We can prove this by mathematical induction. So, instead of calculating the value of XOR(1...N) by XOR all the numbers from 1 to N, we can use this formula to reduce the number of XOR operations.

Also, calculating XOR(1...N) using above formula has two implementations. Implementation wise, calculating

// Thanks to https://a3nm.net/blog/xor.html for this implementation
xor = (n>>1)&1 ^ (((n&1)>0)?1:n)

is faster than calculating

xor = (n % 4 == 0) ? n : (n % 4 == 1) ? 1 : (n % 4 == 2) ? n + 1 : 0;

So, the optimized Java code is,

long n = 100;
long a[] = new long[n];

//XOR of all numbers from 1 to n
// n%4 == 0 ---> n
// n%4 == 1 ---> 1
// n%4 == 2 ---> n + 1
// n%4 == 3 ---> 0

//Slower way of implementing the formula
// long xor = (n % 4 == 0) ? n : (n % 4 == 1) ? 1 : (n % 4 == 2) ? n + 1 : 0;
//Faster way of implementing the formula
// long xor = (n>>1)&1 ^ (((n&1)>0)?1:n);
long xor = (n>>1)&1 ^ (((n&1)>0)?1:n);

for (long i = 0; i < n; i++)
{
    xor = xor ^ a[i];
}
//Missing number
System.out.println(xor);

This was an Amazon interview question and was originally answered here: We have numbers from 1 to 52 that are put into a 51 number array, what's the best way to find out which number is missing?

It was answered, as below:

1) Calculate the sum of all numbers stored in the array of size 51. 
2) Subtract the sum from (52 * 53)/2 ---- Formula : n * (n + 1) / 2.

It was also blogged here: Software Job - Interview Question


We can use XOR operation which is safer than summation because in programming languages if the given input is large it may overflow and may give wrong answer.

Before going to the solution, know that A xor A = 0. So if we XOR two identical numbers the value is 0.

Now, XORing [1..n] with the elements present in the array cancels the identical numbers. So at the end we will get the missing number.
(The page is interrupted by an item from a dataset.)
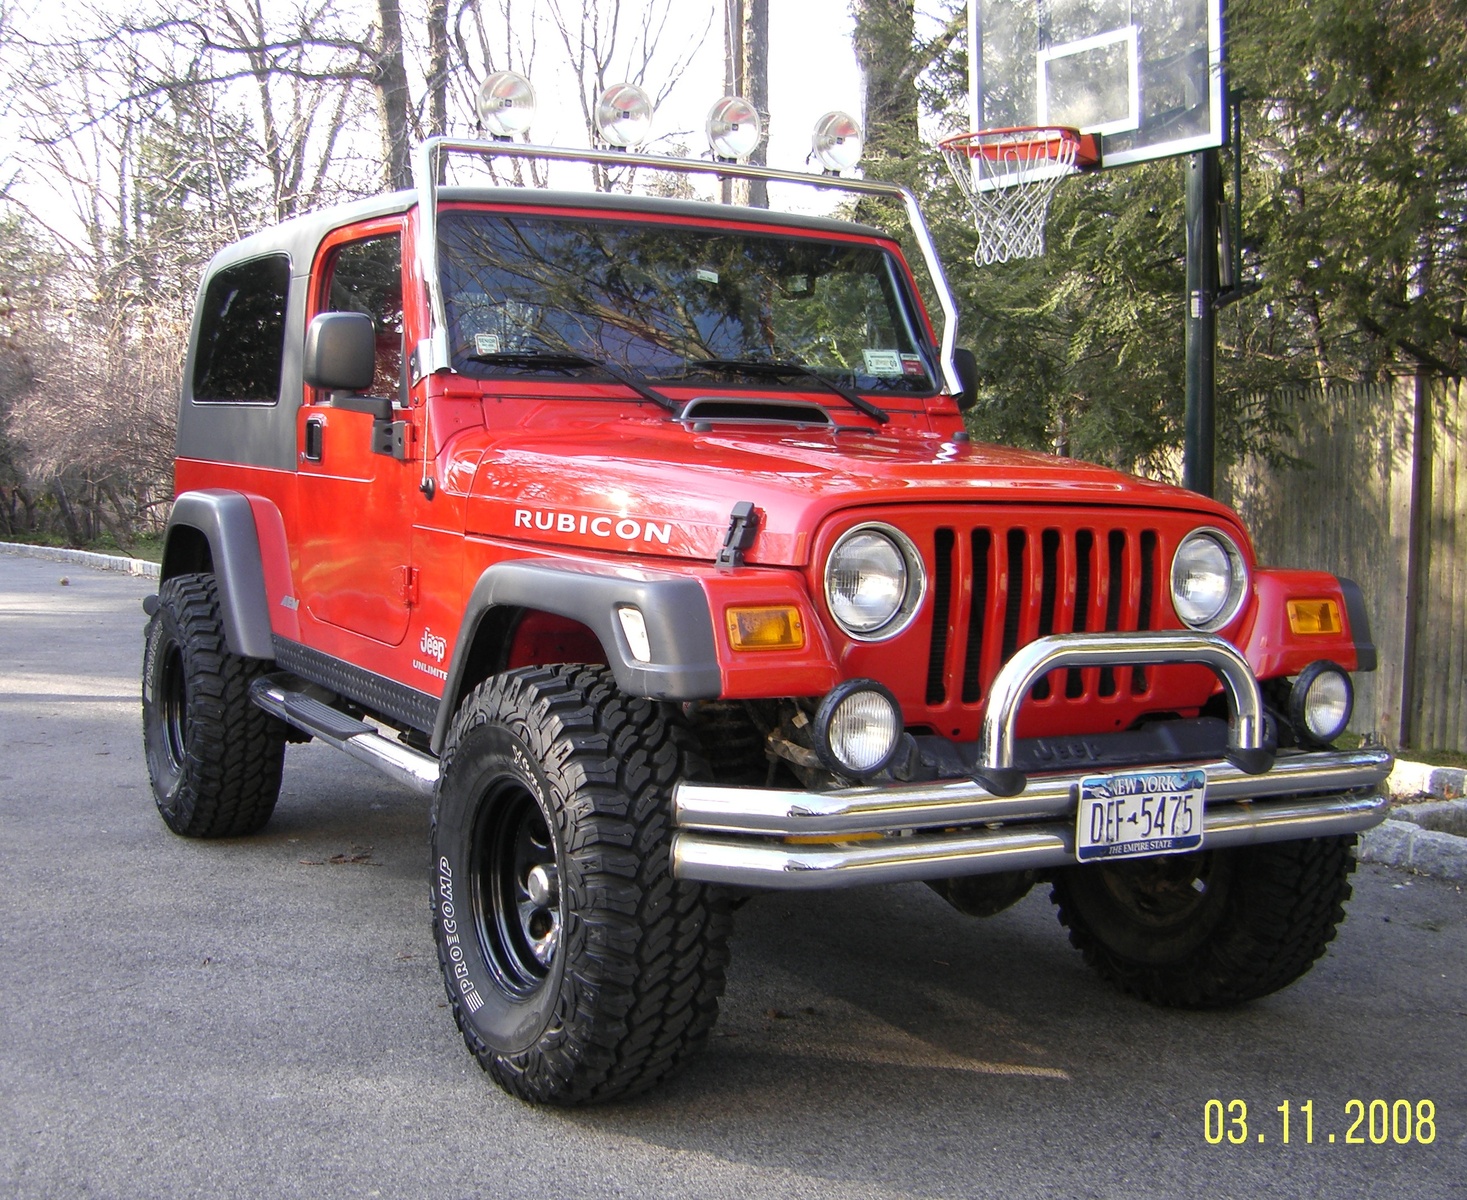 2005 Jeep rubicon unlimited reviews #2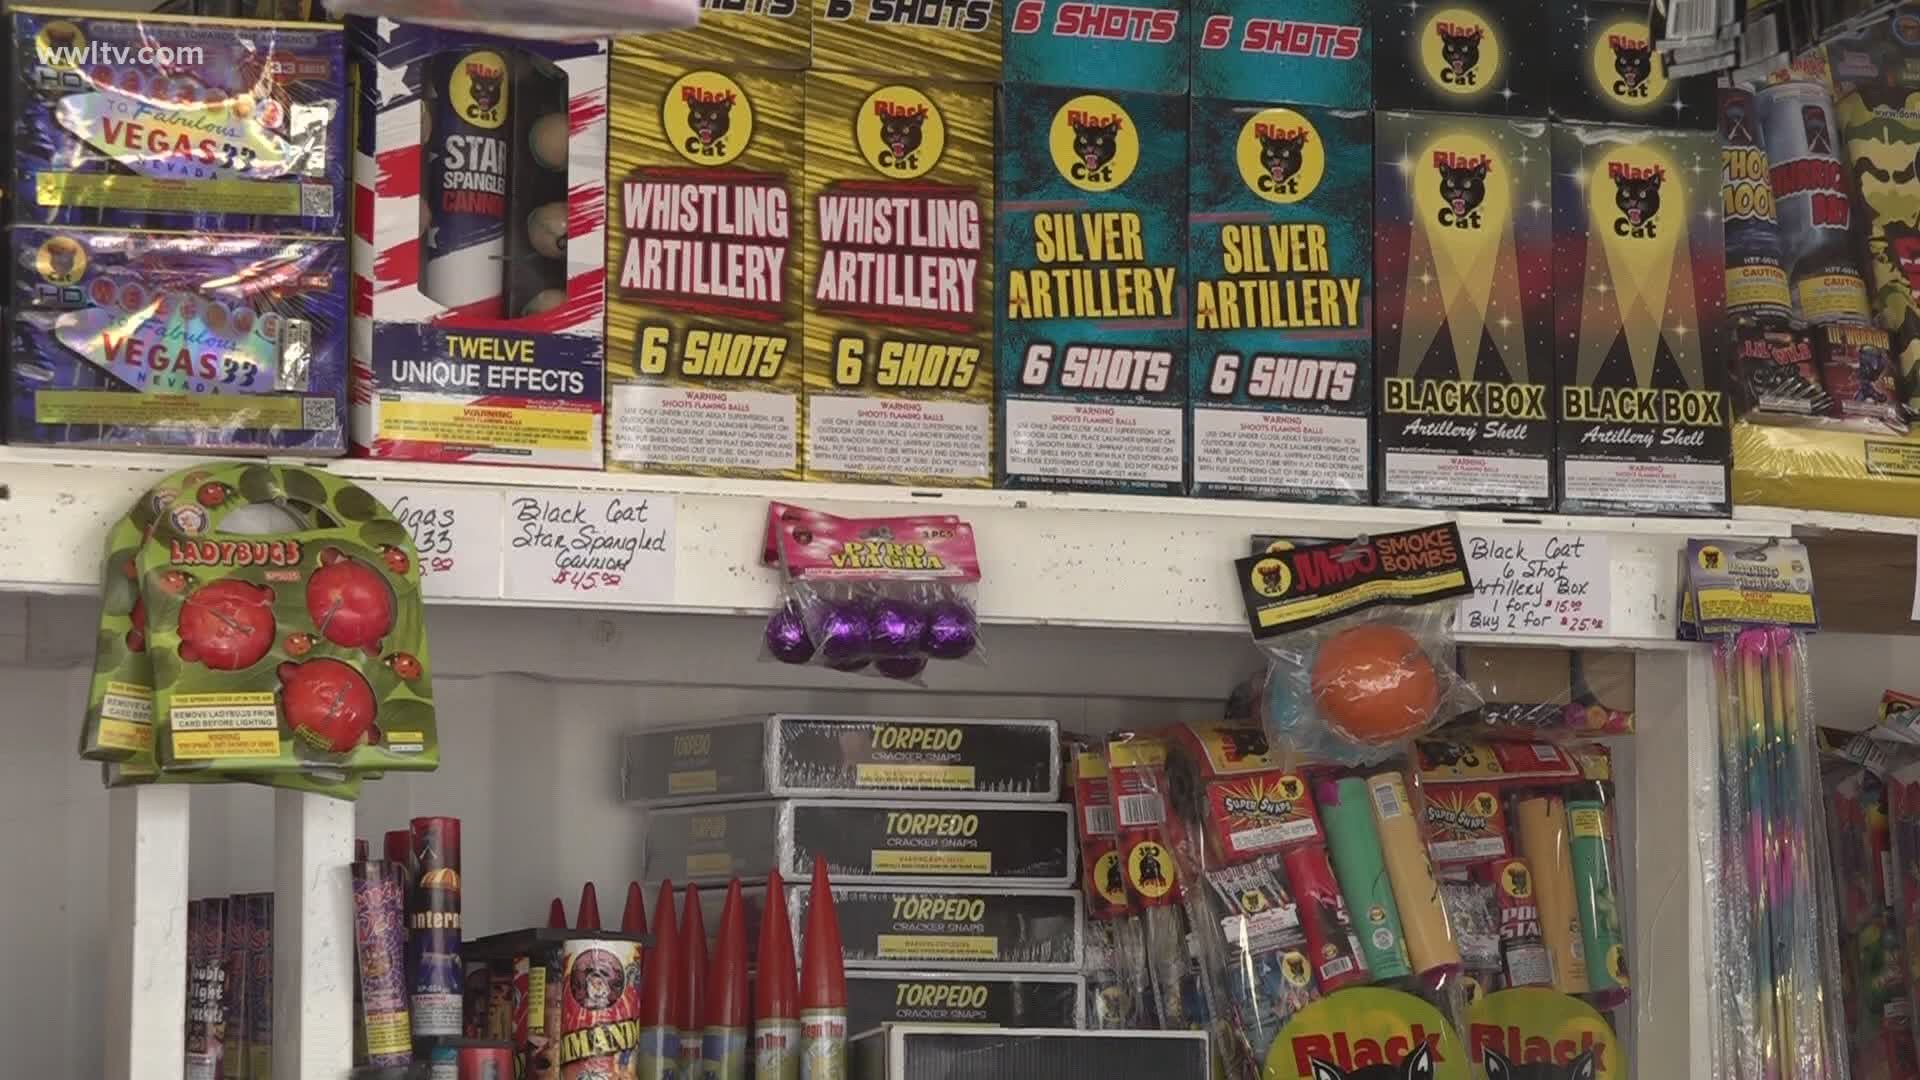 "We've had early sales which is surprising, usually fireworks is a last minute business," Templet said.

// Assuming that the array contains 99 distinct integers between 1..99
// and empty slot value is zero
int XOR = 0;
for(int i=0; i<100; i++) {
    if (ARRAY[i] != 0) // remove this condition keeping the body if no zero slot
        XOR ^= ARRAY[i];
    XOR ^= (i + 1);
}
return XOR;
//return XOR ^ ARRAY.length + 1; if your array doesn't have empty zero slot.